House Our Neigh­bors, the oppo­si­tion coali­tion, cel­e­brat­ed the demise of Char­ter Amend­ment 29 on social net­work­ing plat­forms, delight­ed­ly tweet­ing “No appeal, baby!” and retweet­ing a brief mes­sage of con­grat­u­la­tions from city coun­cil can­di­date Nikki­ta Oliv­er, a vocal oppo­nent of Char­ter Amend­ment 29.

House Our Neigh­bors had been gear­ing up to mount a cred­i­ble no cam­paign that faced the dif­fi­cul­ty of bring­ing sup­port for CA 29 down from the six­ties (as mea­sured by our July polling) to under fifty per­cent. But now they won’t have to. Vic­to­ry has come ear­ly with Judge Shaf­fer­’s ruling.

When the law­suit was filed, I assessed that its chances of suc­cess were “good to excel­lent” because the plain­tiffs had case law on their side.

From my post two weeks ago:

Hav­ing close­ly fol­lowed lit­i­ga­tion sur­round­ing bal­lot mea­sures in Wash­ing­ton for over twen­ty years, I rate the plain­tiffs’ chances of get­ting a favor­able ver­dict as good to excel­lent. They have prece­dent work­ing for them. I have no doubt Com­pas­sion Seat­tle will be well rep­re­sent­ed, and will make the best, most effec­tive argu­ments they can, but the body of case law is sim­ply not on their side.

“Local ini­tia­tives,” I explained, “often fall vic­tim to scope chal­lenges, whether those are brought by gov­ern­ments or mea­sure opponents.”

That’s exact­ly what hap­pened here.

Oth­er observers had a very dif­fer­ent reac­tion to the fil­ing of the law­suit against Char­ter Amend­ment 29, sug­gest­ing that it was a longshot.

Kevin Schofield, who writes Seat­tle City Coun­cil (SCC) Insight and close­ly tracks city pol­i­tics, was not impressed with the plain­tiffs’ argu­ments. After exam­in­ing the dif­fer­ent prongs of the law­suit, Schofield con­clud­ed in an August 11th post: “In all, most of the legal argu­ments laid out by the plain­tiffs seem weak.”

Miss­ing from Schofield­’s analy­sis, how­ev­er, was a dis­cus­sion of the rel­e­vant case law in Wash­ing­ton State con­cern­ing local ini­tia­tives. It was pre­cise­ly that body of case law that led me to draw the oppo­site conclusion.

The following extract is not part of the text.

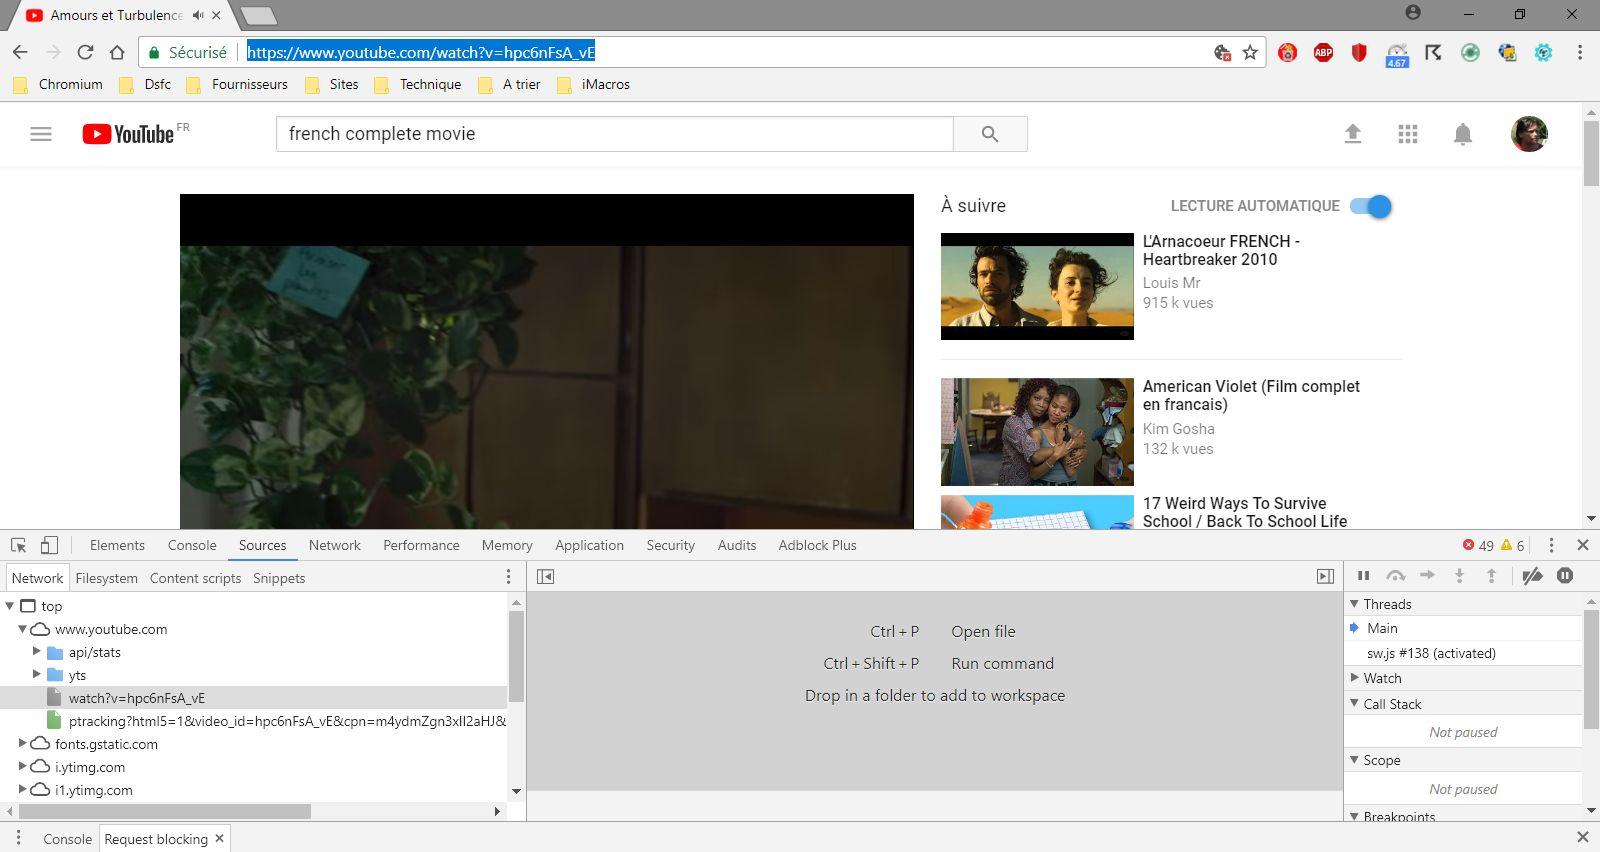 Youtube, pour télécharger les films complets
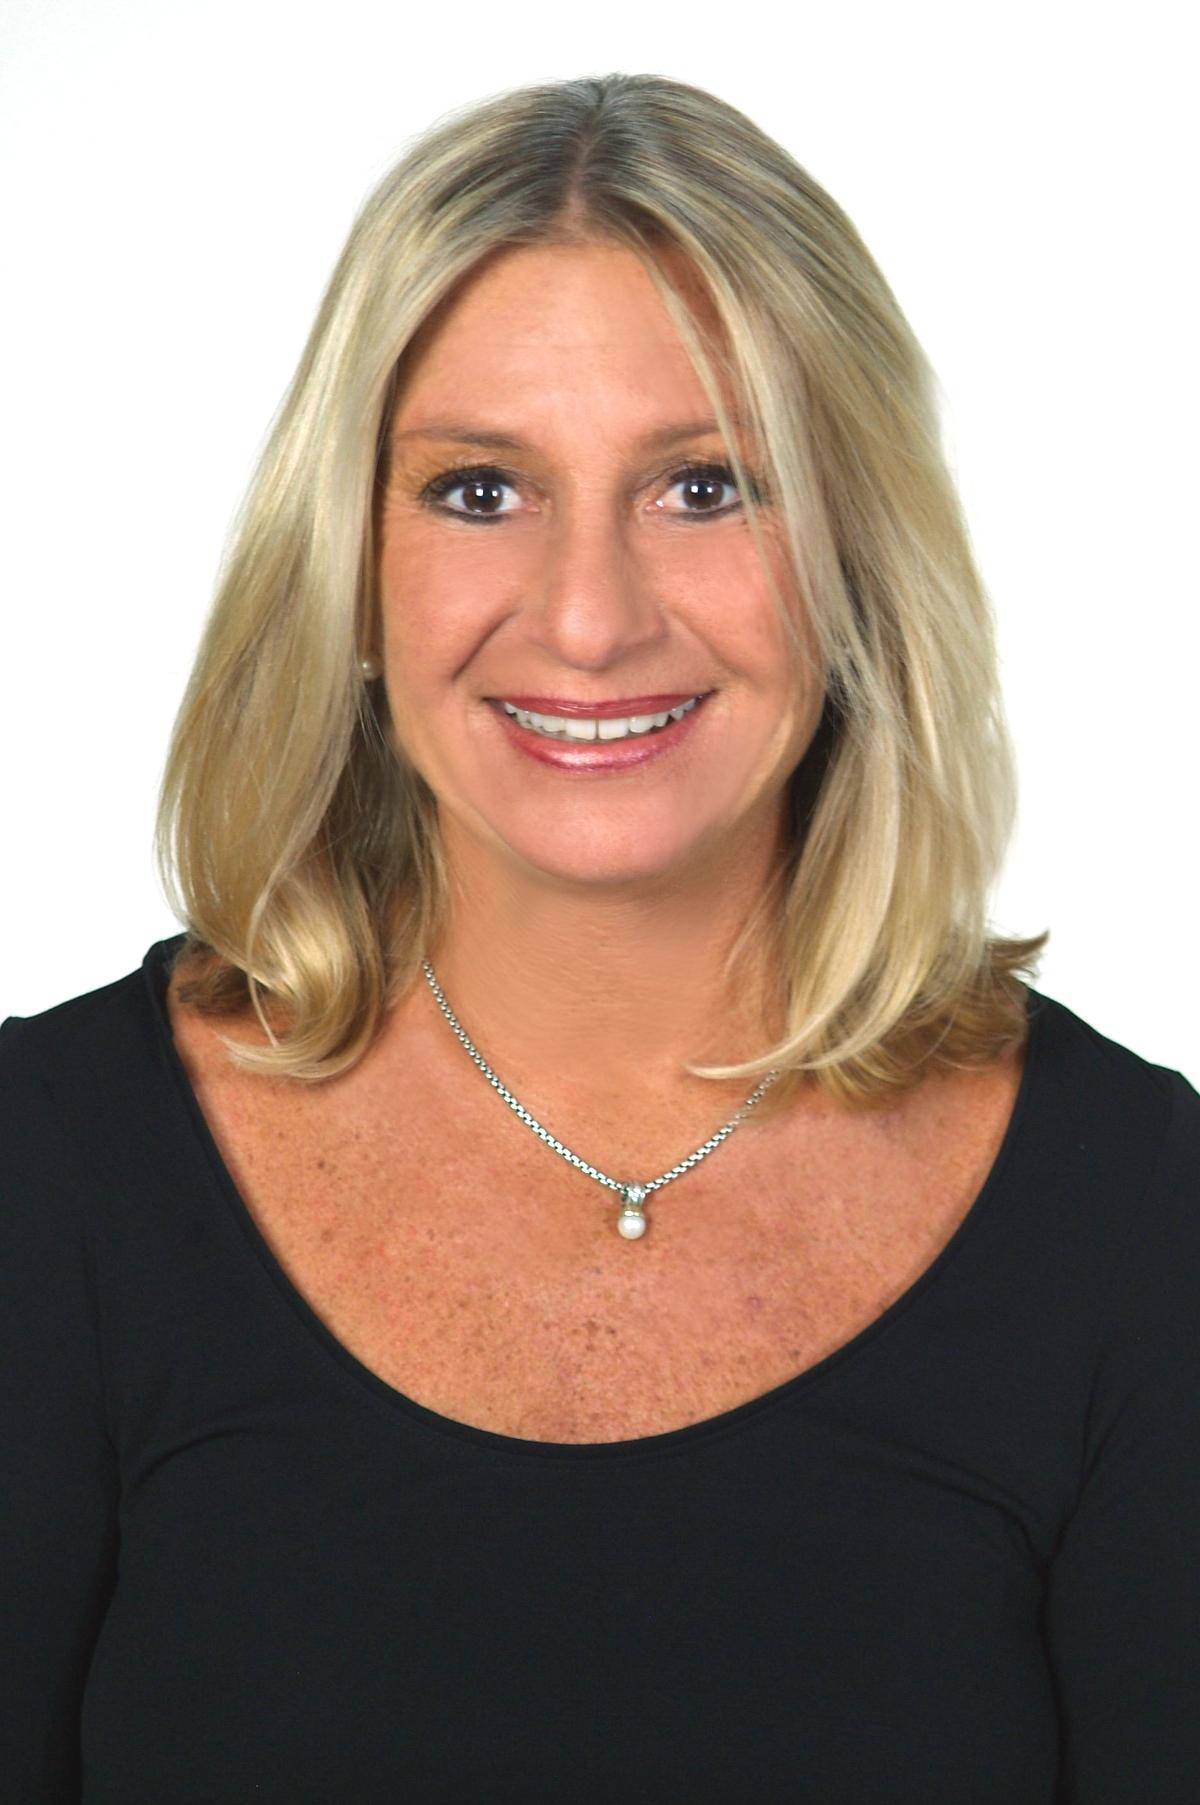 Debbie Cremonese Cyr

As many Cas­ca­dia Advo­cate read­ers like­ly know, in any legal chal­lenge, case law is of vital impor­tance, because courts fol­low the doc­trine of stare deci­sis, which basi­cal­ly means to stick with prece­dent. (Stare deci­sis is Latin for “to stand in the-things-that-have-been-decid­ed”). In this law­suit, the plain­tiffs had plen­ty of exam­ples they could cite for Judge Shaf­fer of oth­er mea­sures being thrown off the bal­lot because they exceed­ed the scope of the local ini­tia­tive power.

All they had to do to get a favor­able rul­ing was con­vince the judge that CA 29 ran afoul of some of the same lim­i­ta­tions that have led to the demise of so many oth­er local mea­sures around the state… and they were able to do that. The local ini­tia­tive pow­er is much, much nar­row­er than the statewide ini­tia­tive pow­er, so it’s not dif­fi­cult to end up with prob­lem­at­ic pro­vi­sions in a mea­sure like CA 29.

While courts gen­er­al­ly don’t enter­tain pre­elec­tion legal chal­lenges to statewide ini­tia­tives, they will read­i­ly inval­i­date a local ini­tia­tive on scope grounds.

When Judge Shaf­fer­’s writ­ten rul­ing is avail­able, I will update this post with an embed­ded copy of the deci­sion. That’s when we’ll for­mal­ly get her rationale.